* Work item: Please output the data exactly, minus pictures.

* Provided material:

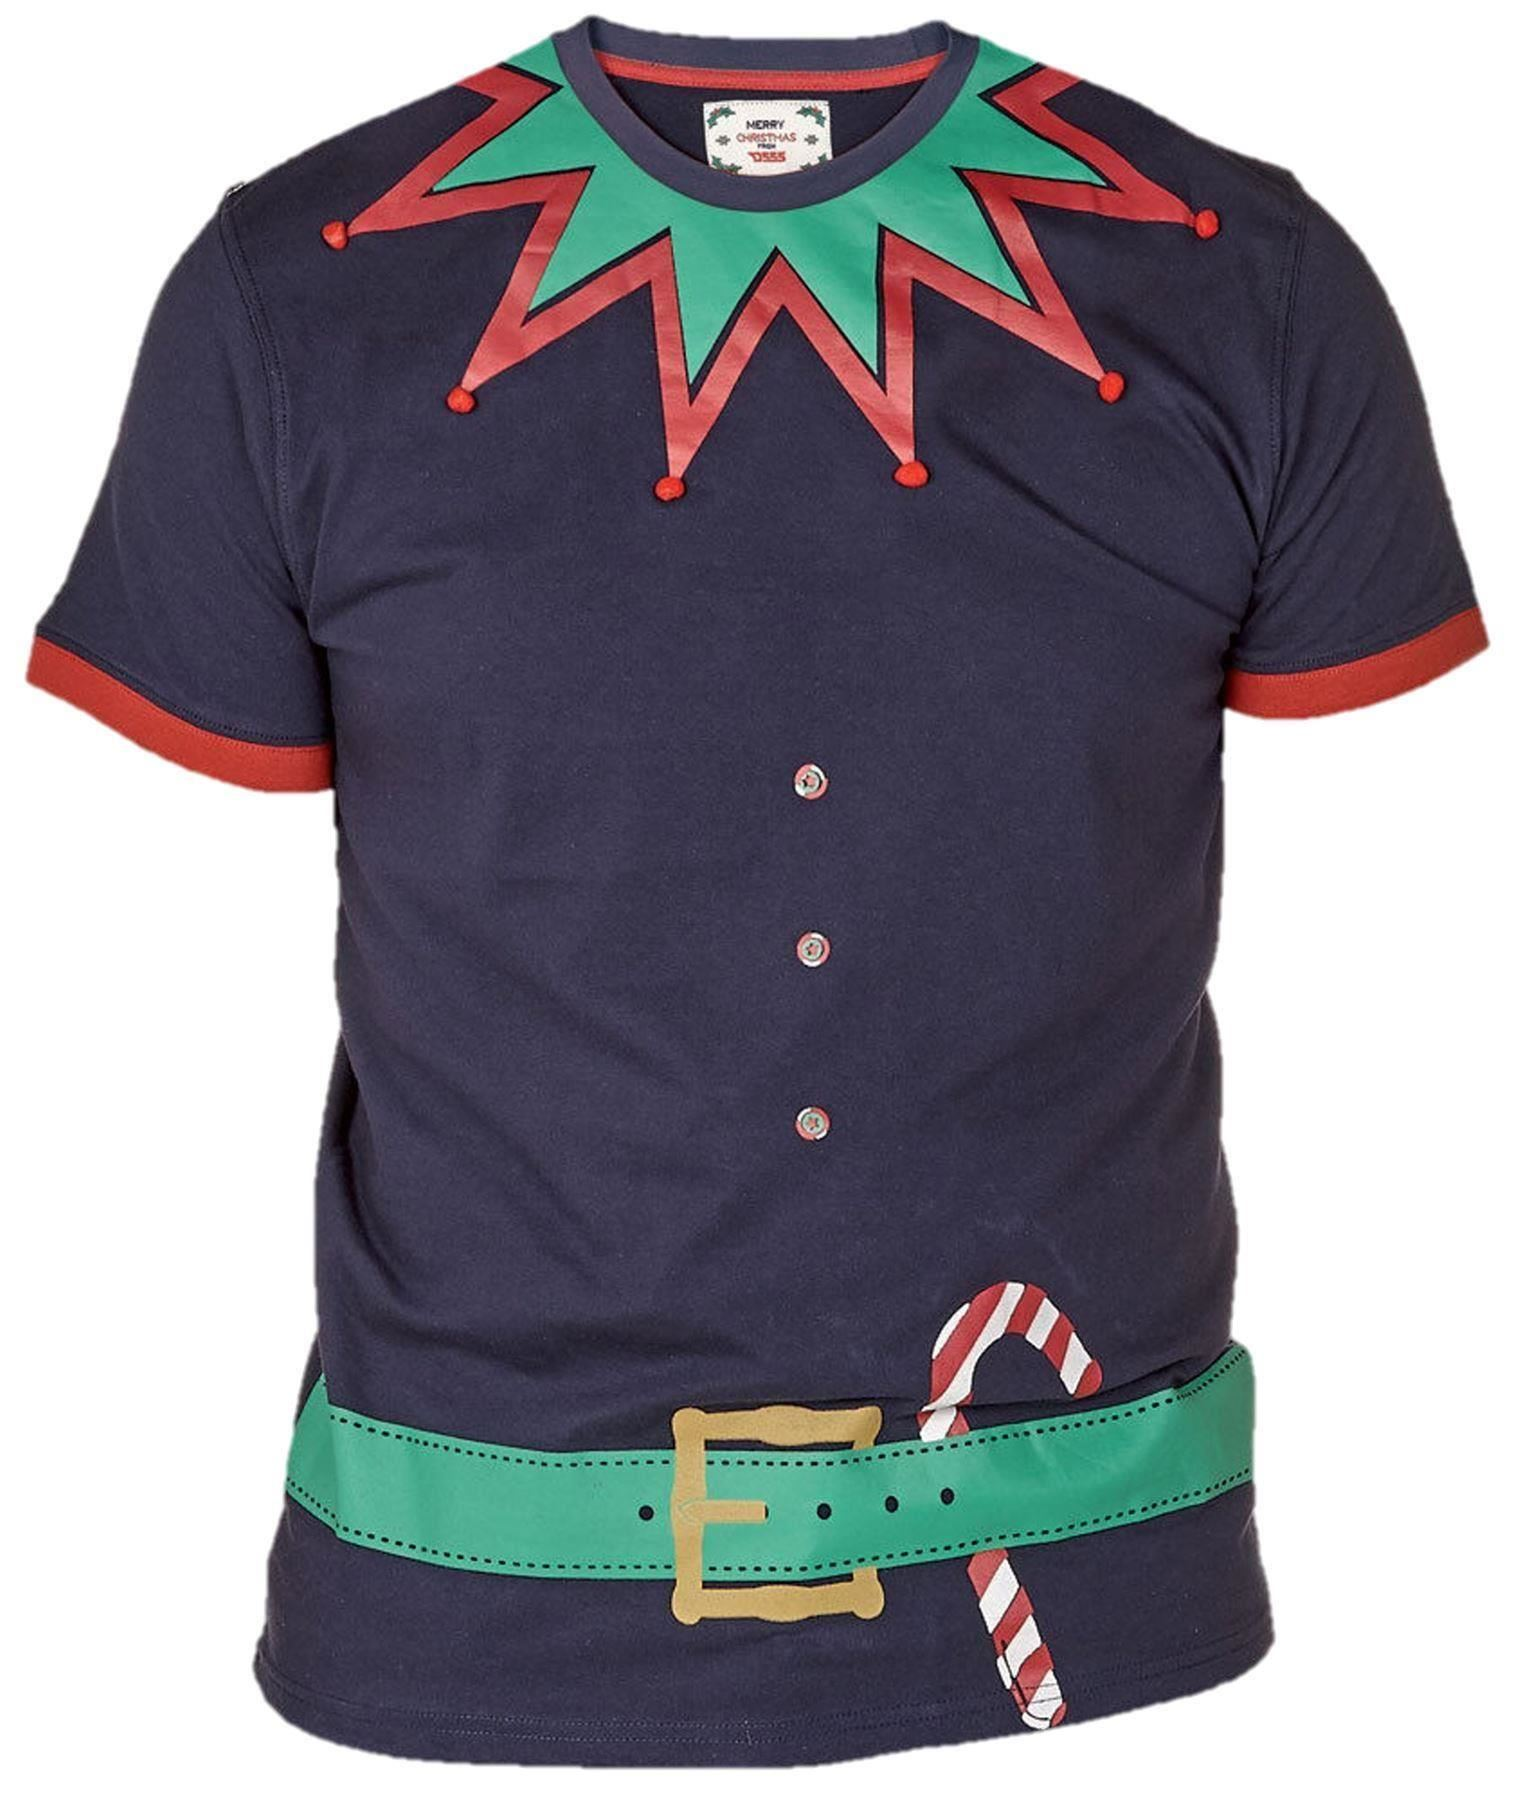 mens christmas t shirt 3xl 4xl 5xl 6xl t shirt ebay
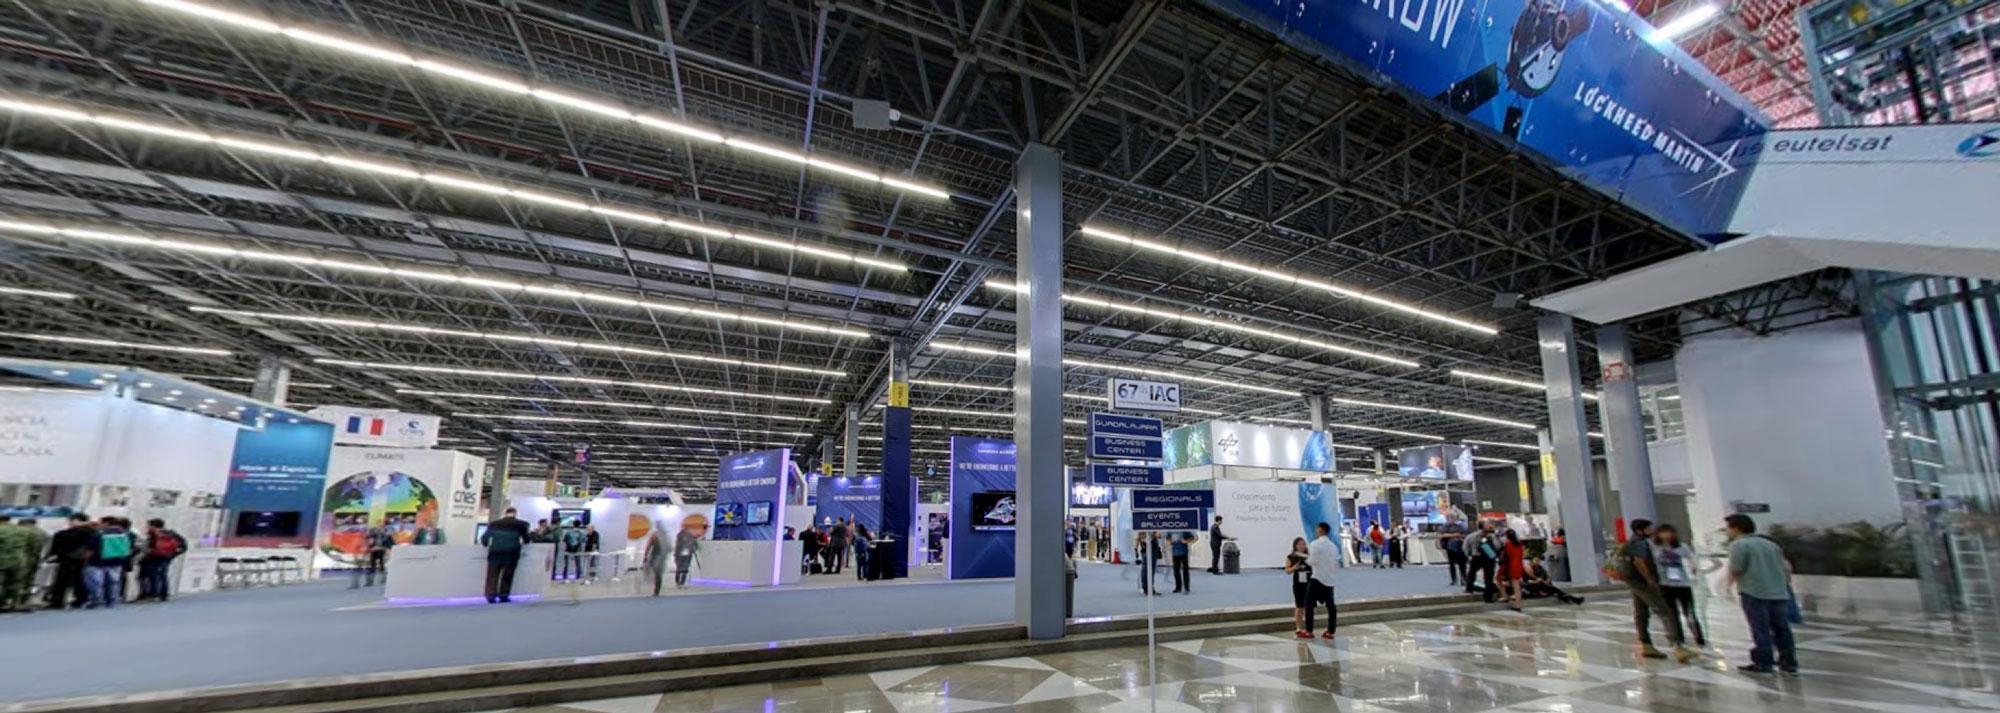 International Astronautical Congress (IAC),   GUADALAJARA, MEXICO
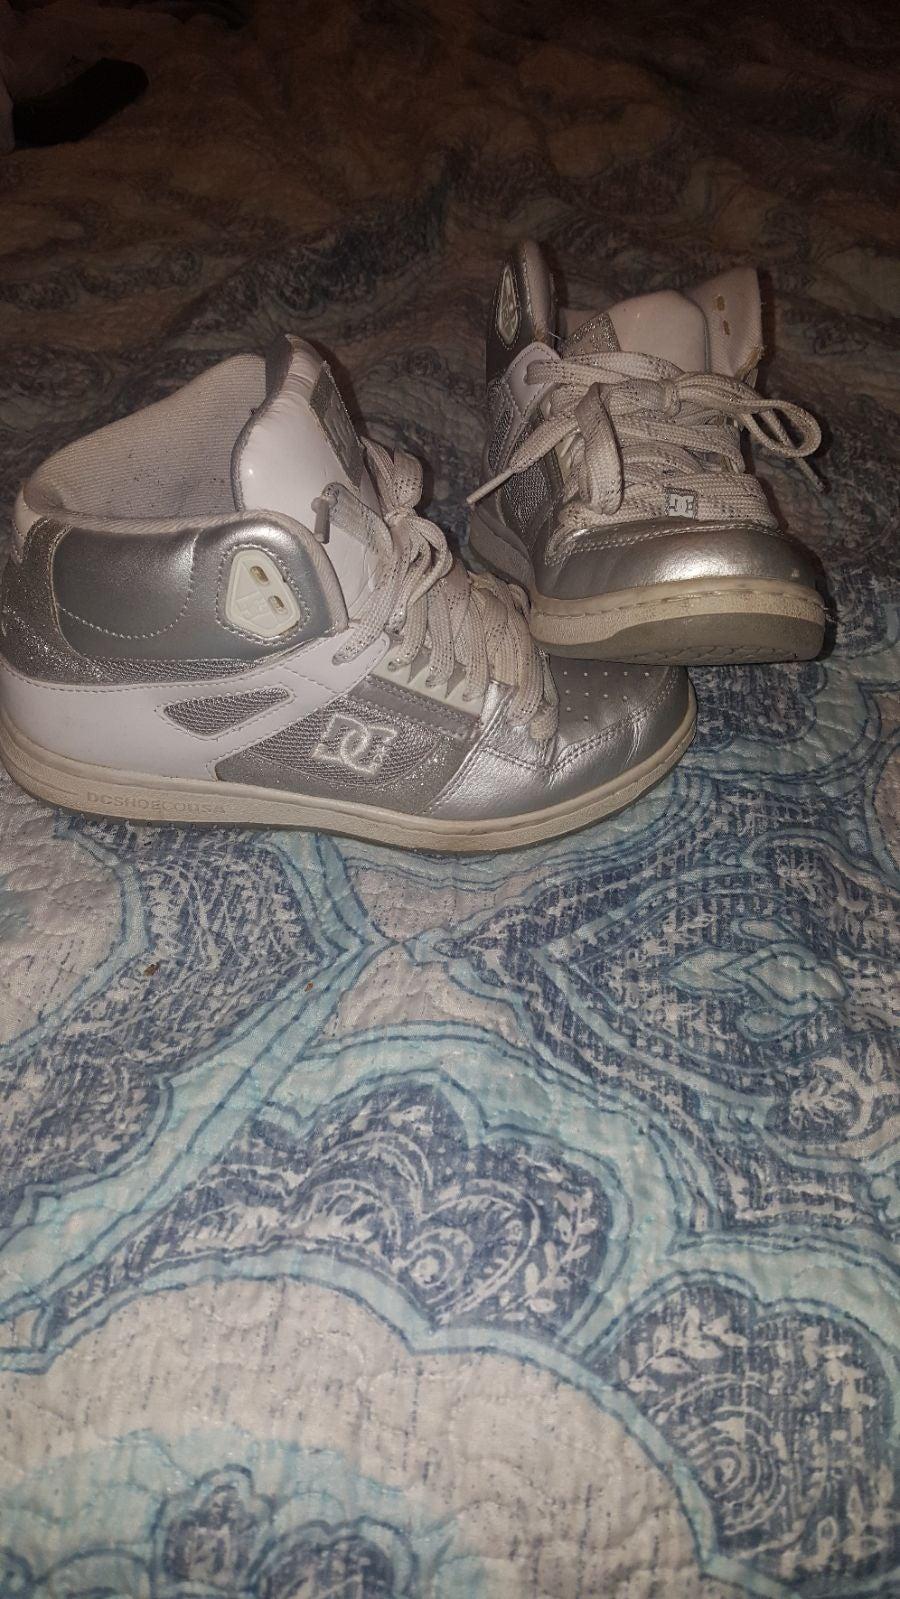 DC high top sneakers

* Solved exercise:
 mens christmas t shirt 3xl 4xl 5xl 6xl t shirt ebay
 International Astronautical Congress (IAC),   GUADALAJARA, MEXICO
 DC high top sneakers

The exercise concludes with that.